# SUPPLIED DATA:
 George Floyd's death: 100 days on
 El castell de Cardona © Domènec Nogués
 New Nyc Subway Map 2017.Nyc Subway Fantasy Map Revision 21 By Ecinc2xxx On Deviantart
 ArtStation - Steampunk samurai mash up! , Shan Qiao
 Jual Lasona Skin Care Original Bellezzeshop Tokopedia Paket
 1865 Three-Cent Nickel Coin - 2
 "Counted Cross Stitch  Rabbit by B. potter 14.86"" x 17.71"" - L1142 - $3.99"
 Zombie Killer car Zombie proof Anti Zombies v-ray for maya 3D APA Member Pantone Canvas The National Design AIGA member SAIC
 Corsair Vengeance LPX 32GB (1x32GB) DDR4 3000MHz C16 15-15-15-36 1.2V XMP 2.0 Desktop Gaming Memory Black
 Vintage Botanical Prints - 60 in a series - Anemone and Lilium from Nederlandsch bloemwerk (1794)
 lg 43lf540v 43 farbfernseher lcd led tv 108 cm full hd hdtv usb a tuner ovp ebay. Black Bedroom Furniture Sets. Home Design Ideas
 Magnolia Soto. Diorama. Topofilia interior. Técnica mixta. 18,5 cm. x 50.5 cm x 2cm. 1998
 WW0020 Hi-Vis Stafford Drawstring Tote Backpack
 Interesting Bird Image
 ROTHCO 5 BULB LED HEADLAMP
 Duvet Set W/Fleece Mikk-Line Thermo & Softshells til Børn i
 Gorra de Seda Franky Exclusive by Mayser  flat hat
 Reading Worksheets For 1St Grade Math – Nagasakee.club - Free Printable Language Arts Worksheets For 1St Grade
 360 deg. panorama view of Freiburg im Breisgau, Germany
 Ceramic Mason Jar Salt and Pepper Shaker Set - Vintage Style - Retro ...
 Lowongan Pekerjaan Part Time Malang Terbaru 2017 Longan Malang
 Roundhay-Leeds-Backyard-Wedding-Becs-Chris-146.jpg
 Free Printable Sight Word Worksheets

# WHAT TO PRODUCE:
Every entry, from the first line to the last, should be retyped exactly.

# SOLVED EXERCISE:
 George Floyd's death: 100 days on
 El castell de Cardona © Domènec Nogués
 New Nyc Subway Map 2017.Nyc Subway Fantasy Map Revision 21 By Ecinc2xxx On Deviantart
 ArtStation - Steampunk samurai mash up! , Shan Qiao
 Jual Lasona Skin Care Original Bellezzeshop Tokopedia Paket
 1865 Three-Cent Nickel Coin - 2
 "Counted Cross Stitch  Rabbit by B. potter 14.86"" x 17.71"" - L1142 - $3.99"
 Zombie Killer car Zombie proof Anti Zombies v-ray for maya 3D APA Member Pantone Canvas The National Design AIGA member SAIC
 Corsair Vengeance LPX 32GB (1x32GB) DDR4 3000MHz C16 15-15-15-36 1.2V XMP 2.0 Desktop Gaming Memory Black
 Vintage Botanical Prints - 60 in a series - Anemone and Lilium from Nederlandsch bloemwerk (1794)
 lg 43lf540v 43 farbfernseher lcd led tv 108 cm full hd hdtv usb a tuner ovp ebay. Black Bedroom Furniture Sets. Home Design Ideas
 Magnolia Soto. Diorama. Topofilia interior. Técnica mixta. 18,5 cm. x 50.5 cm x 2cm. 1998
 WW0020 Hi-Vis Stafford Drawstring Tote Backpack
 Interesting Bird Image
 ROTHCO 5 BULB LED HEADLAMP
 Duvet Set W/Fleece Mikk-Line Thermo & Softshells til Børn i
 Gorra de Seda Franky Exclusive by Mayser  flat hat
 Reading Worksheets For 1St Grade Math – Nagasakee.club - Free Printable Language Arts Worksheets For 1St Grade
 360 deg. panorama view of Freiburg im Breisgau, Germany
 Ceramic Mason Jar Salt and Pepper Shaker Set - Vintage Style - Retro ...
 Lowongan Pekerjaan Part Time Malang Terbaru 2017 Longan Malang
 Roundhay-Leeds-Backyard-Wedding-Becs-Chris-146.jpg
 Free Printable Sight Word Worksheets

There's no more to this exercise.